Aleafia Health Inc. Announces Closing of $5.6M Private Placement
TORONTO, June 24, 2022 — Aleafia Health Inc. (TSX: AH, OTCQX: ALEAF) (“Aleafia Health” or the “Company”) is pleased to announce that it has closed its previously announced private placement (the “Private Placement”) representing aggregate gross proceeds of approximately $5.6 million.
Pursuant to the Private Placement, an aggregate of 68,151,515 units were issued at a price of $0.0825 per unit, with each unit consisting of one common share in the capital of the Company and one-half of one common share purchase warrant. Each warrant is exercisable into one common share at an exercise price of $0.1025 until June 24, 2026. The expiry date of the warrants can be accelerated by the Company at any time and upon 30 days’ notice, if the closing price of the common shares on the Toronto Stock Exchange is greater than $0.165 for any 10 consecutive trading days following the date that is 4 months and one day after the date hereof and prior to the expiry date of the warrants.

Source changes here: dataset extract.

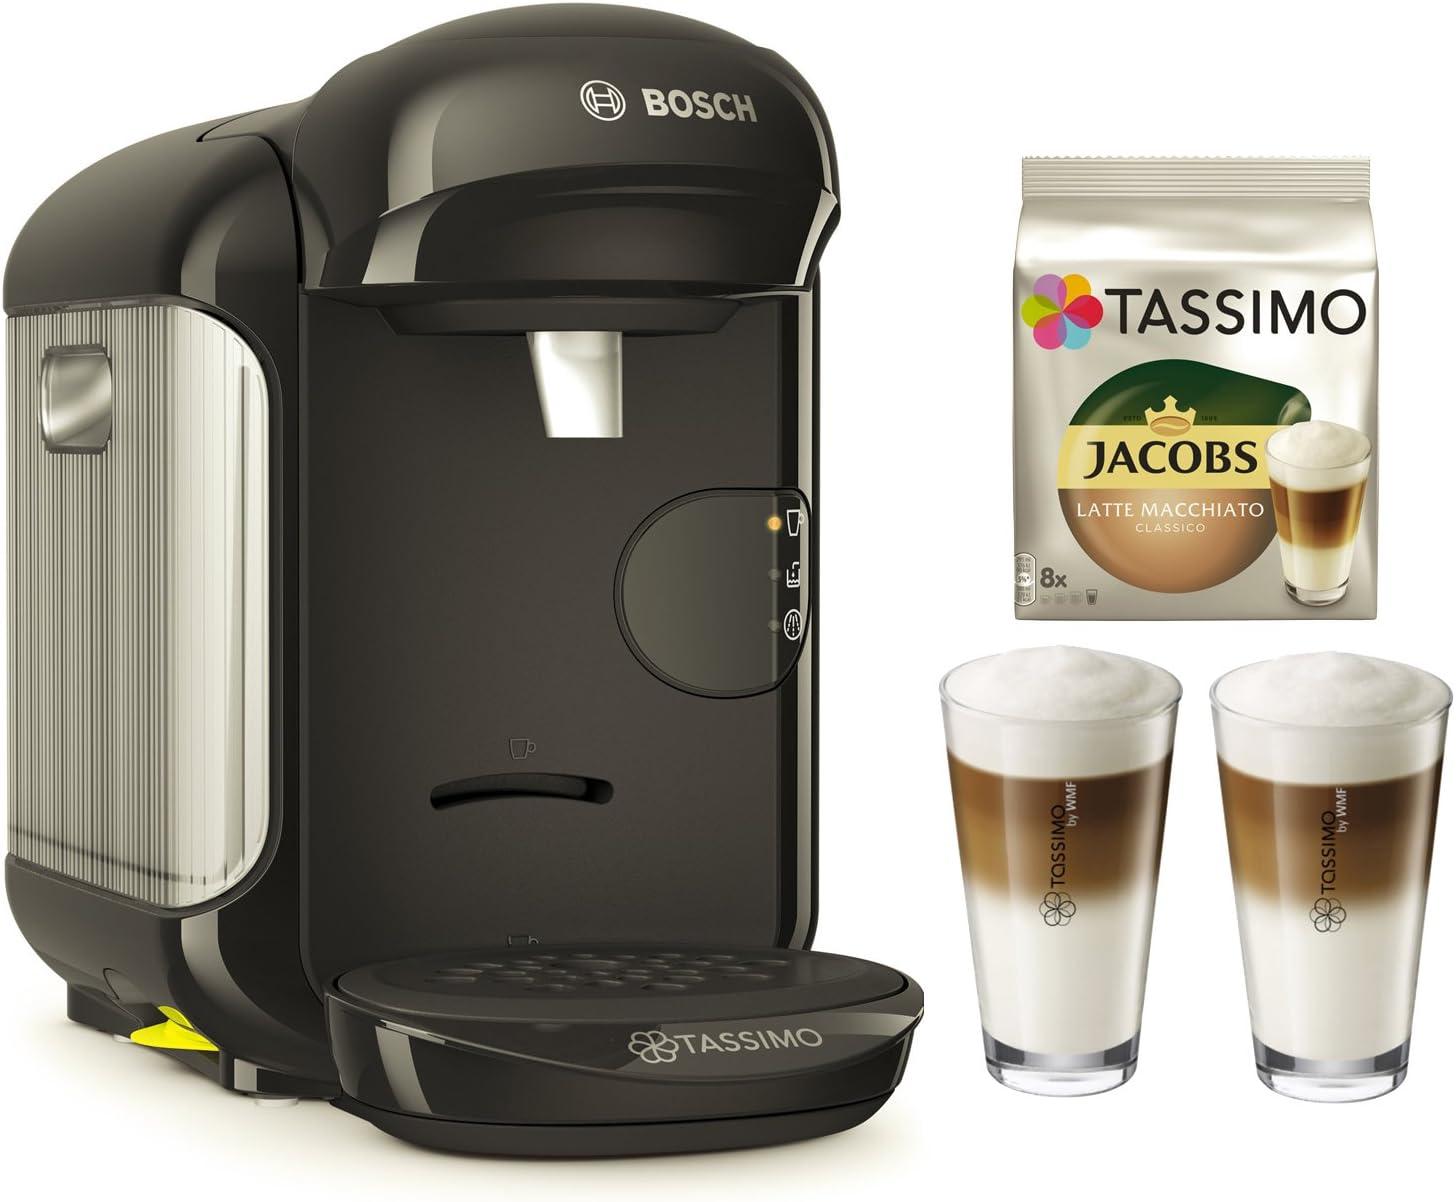 Cafetera Tassimo Vivy 2 de Bosch Bundle + vasos de latte macchiato + Tdisc Latte Macchiato Negro: Amazon.es: Hogar

The net proceeds from the Private Placement will be used to fund working capital and capital expenditures for the Company’s continued growth, and other general corporate purposes.
“The closing of the private placement is a significant milestone for Aleafia, providing funding to support our growth plans, and satisfying a main condition for the amendment of the Company’s convertible debentures,” said Aleafia Health CEO Tricia Symmes.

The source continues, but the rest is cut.